The authors’ conclusion emphasizes the contingent nature of this expansion of federal power. According to Telfer and Torrie, at no point prior to the FARMERS’ CREDITORS ARRANGEMENT ACT REFERENCE was a strong federal insolvency regime inevitable or predetermined. The conventional wisdom at the time was that provincial law played a central role in debtor-creditor relations, and that Parliament lacked the legal authority to interfere with provincial property rights. Telfer and Torrie cast their landmark cases as both innovative and disruptive, establishing the constitutional basis for modern bankruptcy and insolvency law.

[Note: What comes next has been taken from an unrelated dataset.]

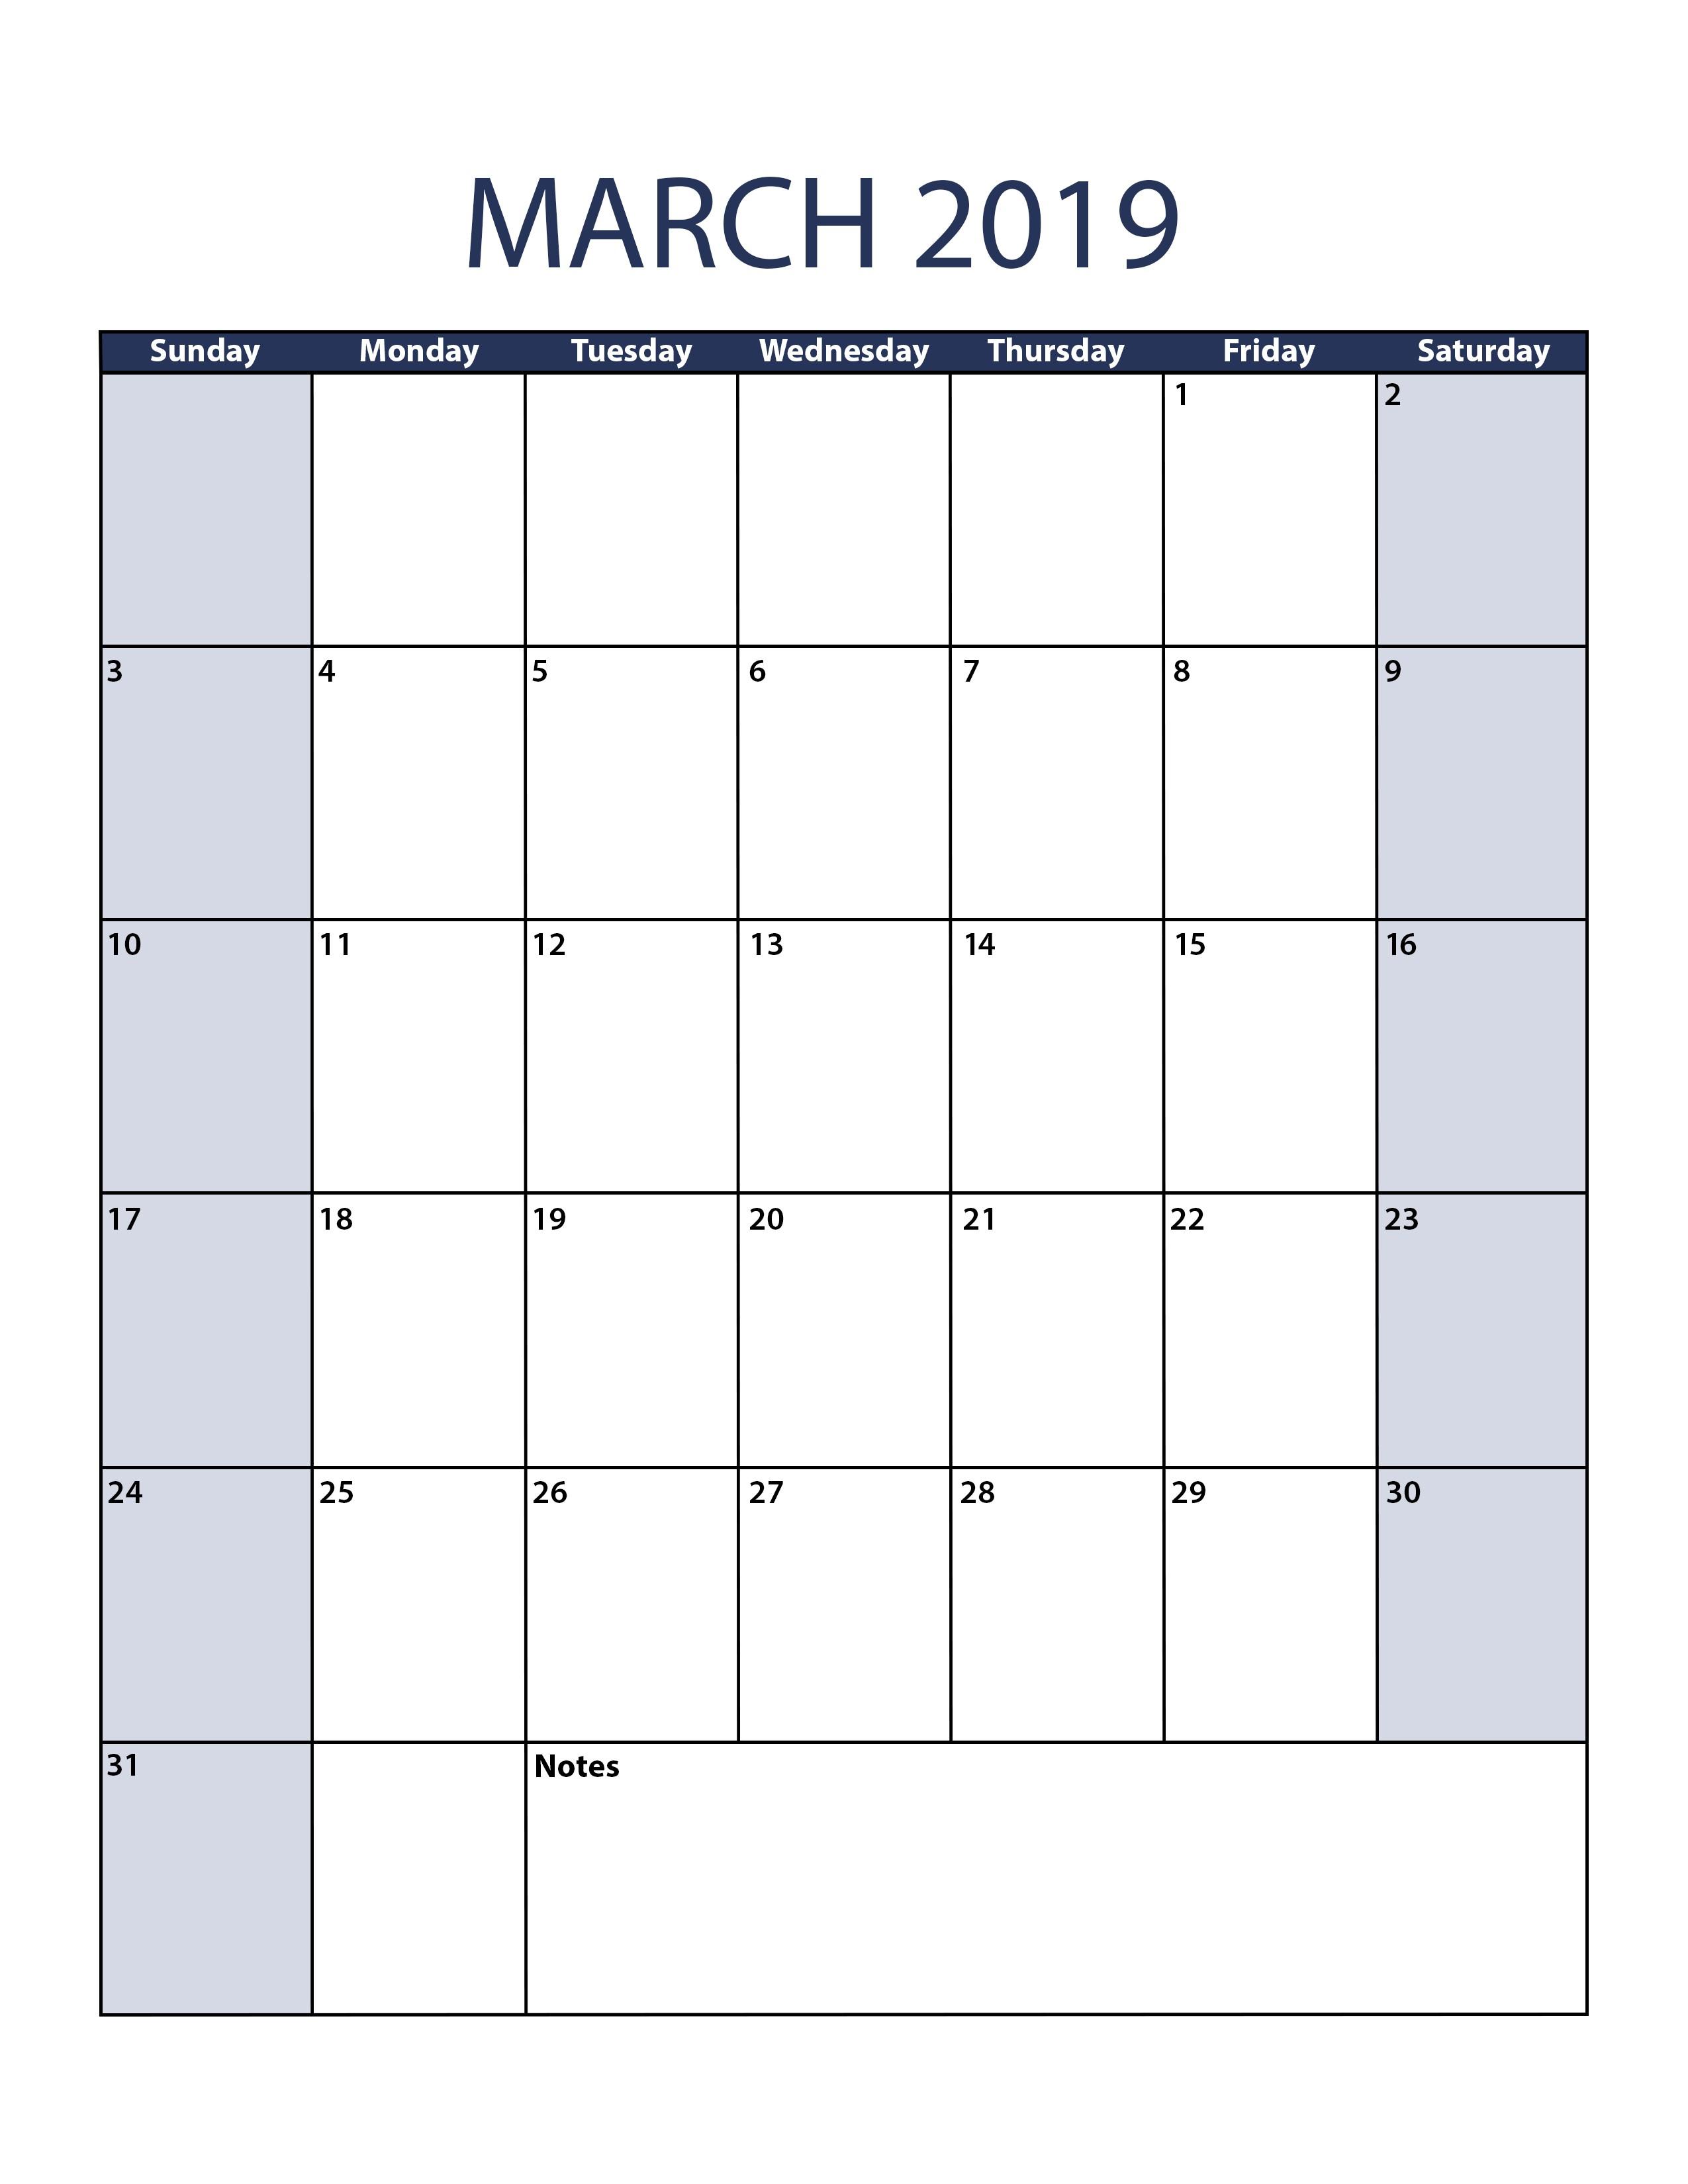 March 2019 Calendar Excel Printable Editable Blank Template Holidays

Overall, Telfer and Torrie’s arguments are well researched and convincing. Their historical focus on “landmark cases” involves certain limitations, however. While the authors’ discussions of legal arguments and judicial rulings are often insightful, they fail to embed the Privy Council’s decisions in the broader historical context, and tend to deemphasize the political forces that gave rise to Canadian insolvency legislation. Greater attention to the historical relationship between economic change and democratic politics would have been welcome, particularly for readers less familiar with the era. In addition, DEBT AND FEDERALISM fails to resolve a key puzzle at the heart of its historical narrative: Why did the Privy Council—notorious for advancing provincial power at the expense of federal authority—adopt essentially the opposite approach in the area of bankruptcy and insolvency? It is remarkable, for instance, that the Privy Council struck down nearly the entirety of Canadian “New Deal” legislation while upholding the FCAA, a redistributive farm relief program. Without any comparison to Privy Council decisions in other areas of constitutional law, the authors’ resort to “contingency” is analytically unsatisfying.

That being said, a broader comparative analysis of Canadian constitutional development would require a far longer and more ambitious work, and the task of a reviewer is to assess the book that has actually been written, not to imagine a preferred alternative. By this standard, DEBT AND FEDERALISM is a valuable contribution to Canadian bankruptcy and insolvency scholarship. In closely analyzing the landmark cases that have shaped federal power, Telfer and Torrie have helped illuminate the foundations of Canadian insolvency law.

REFERENCES:

VOLUNTARY ASSIGNMENTS CASE, [1894] AC 189.

ROYAL BANK OF CANADA V LARUE, [1928] AC 187.

COMPANIES’ CREDITORS ARRANGEMENT ACT REFERENCE, [1934] SCR 659.

FARMERS’ CREDITORS ARRANGEMENT ACT REFERENCE, [1936] SCR 384.

FARMERS’ CREDITORS ARRANGEMENT ACT REFERENCE, [1937] AC 391.